Сотис дважды хлопнул в ладоши.

Раздался четкий стук шагов. Показалась стража в медных латах — человек десять рослых легионеров с бритыми невозмутимыми лицами. Среди них четверо грабителей: трое низеньких худых мужичков, плешивых, бородатых, и один высокий крепкий парень. Мужички семенили, едва волоча ноги; молодец, со связанными за спиной руками, ступал твердо, высоко держа голову; левый глаз у него был подбит, губы покрыты свежими болячками, грязная порванная одежда превращена в лохмотья.

Клеопатра укоризненно посмотрела на Сотиса — более жалкого зрелища ей видеть не приходилось. Начальник стражи, прижимая правую руку к сердцу, учтиво заметил:

— Они сопротивлялись, госпожа царица. А этот, высокий, покалечил троих моих людей. На него пришлось накинуть сети.

Мужички пали на колени. Клеопатра поморщилась — так неприятно ей было их раболепство. Грабители стали просить о помиловании. Клеопатра строго, смотря поверх их голов, спросила:

— Почему вы, мерзкие рабы, осквернили могилы?

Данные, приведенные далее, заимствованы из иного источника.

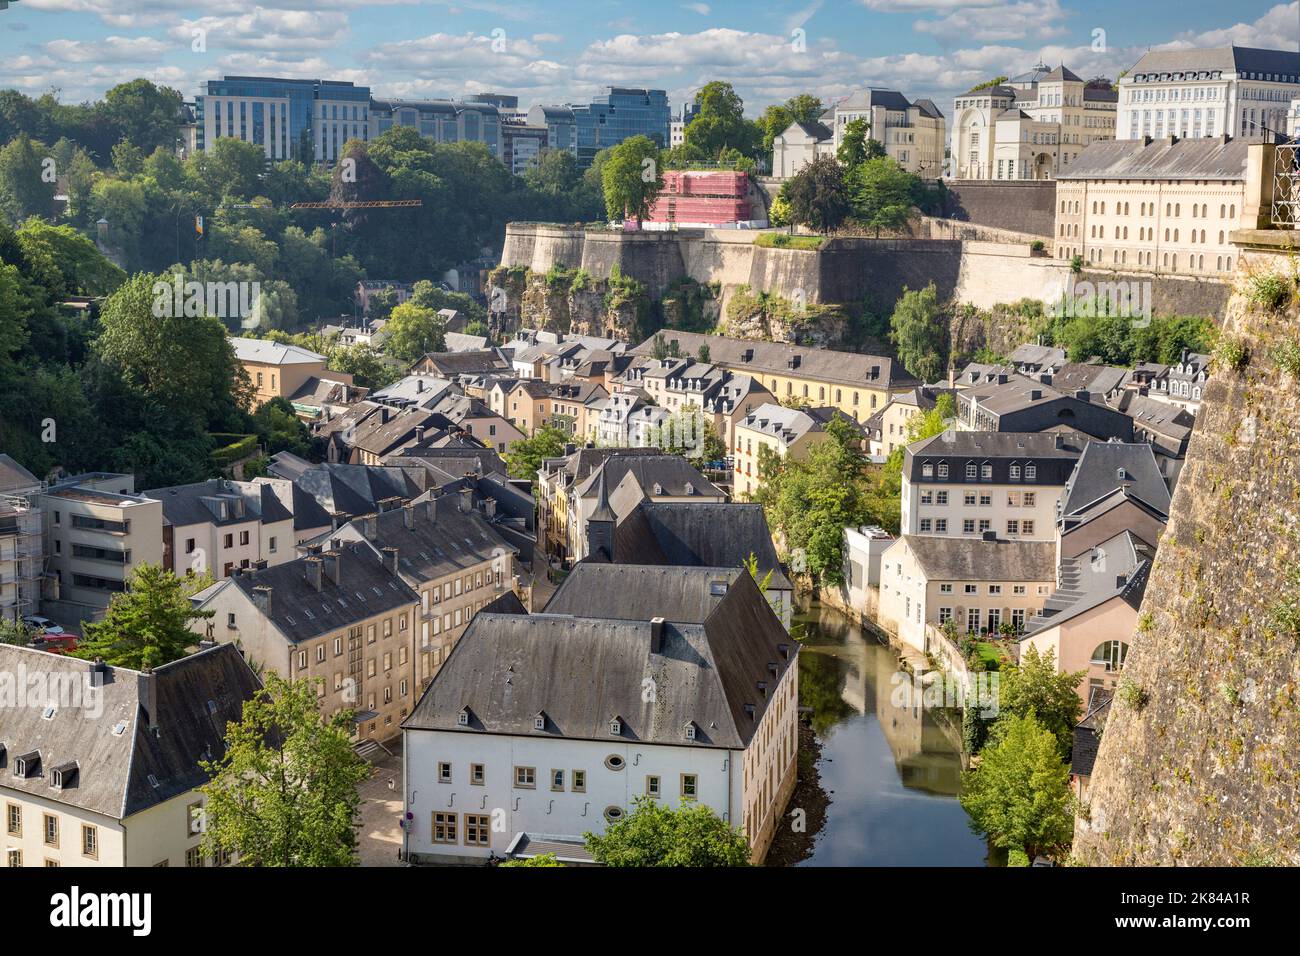 La Ville de Luxembourg et de l'Alzette, Luxembourg. Banque D'Images

Мужички разом залепетали, закартавили, занудили:

— Нам нечего есть.

— А там столько добра!

— Все сгниет без пользы.

Она усмехнулась, не веря им:

— Значит, для того, чтобы приобрести горсть чечевицы, надо обворовывать мертвых?

— Мы почитаем Яхве…

— И тебя, божественная!

— Мы будем молиться, — говорил один из них, горбоносый, с хищным взглядом, подбираясь к ней с протянутой костлявой рукой и ощеряясь беззубым ртом.

Стражник схватил его за ворот одежды и потащил назад; ветхая ткань лопнула, клочья свисли, обнажив грязные худые плечи, плоскую грудь, покрытую густой черной порослью.

Лишь один высокий сохранял спокойствие и ни о чем не просил. Смуглокожий и темноволосый, он стоял, широко расставив ноги, между двумя стражами и весело смотрел на нее. Когда царица это заметила, у неё от удивления приоткрылся рот. Она подумала: "Как бы он был хорош в латах и шлеме Архелая!" У этого молодца была широкая мускулистая грудь, сильные, точно налитые плечи, курчавая упрямая голова и взгляд дерзкий и насмешливый.

— У нас дети, — ныли мужички жалобно. — Прости нас, царица!

Не обращая на иудеев никакого внимания, Клеопатра спросила высокого:

— Ты кто?

— Вор, — ответил он и улыбнулся, обнажая ряд белых молодых здоровых зубов; на щеках образовались ямочки, придав его лицу лукавое выражение.

— Почему ты воруешь? Тебе тоже нечего есть?

— О нет, царица. Я ворую по другой причине. Мне это нравится.

— Вот как! — подивилась она. — А другим, более полезным делом ты не пытался заняться?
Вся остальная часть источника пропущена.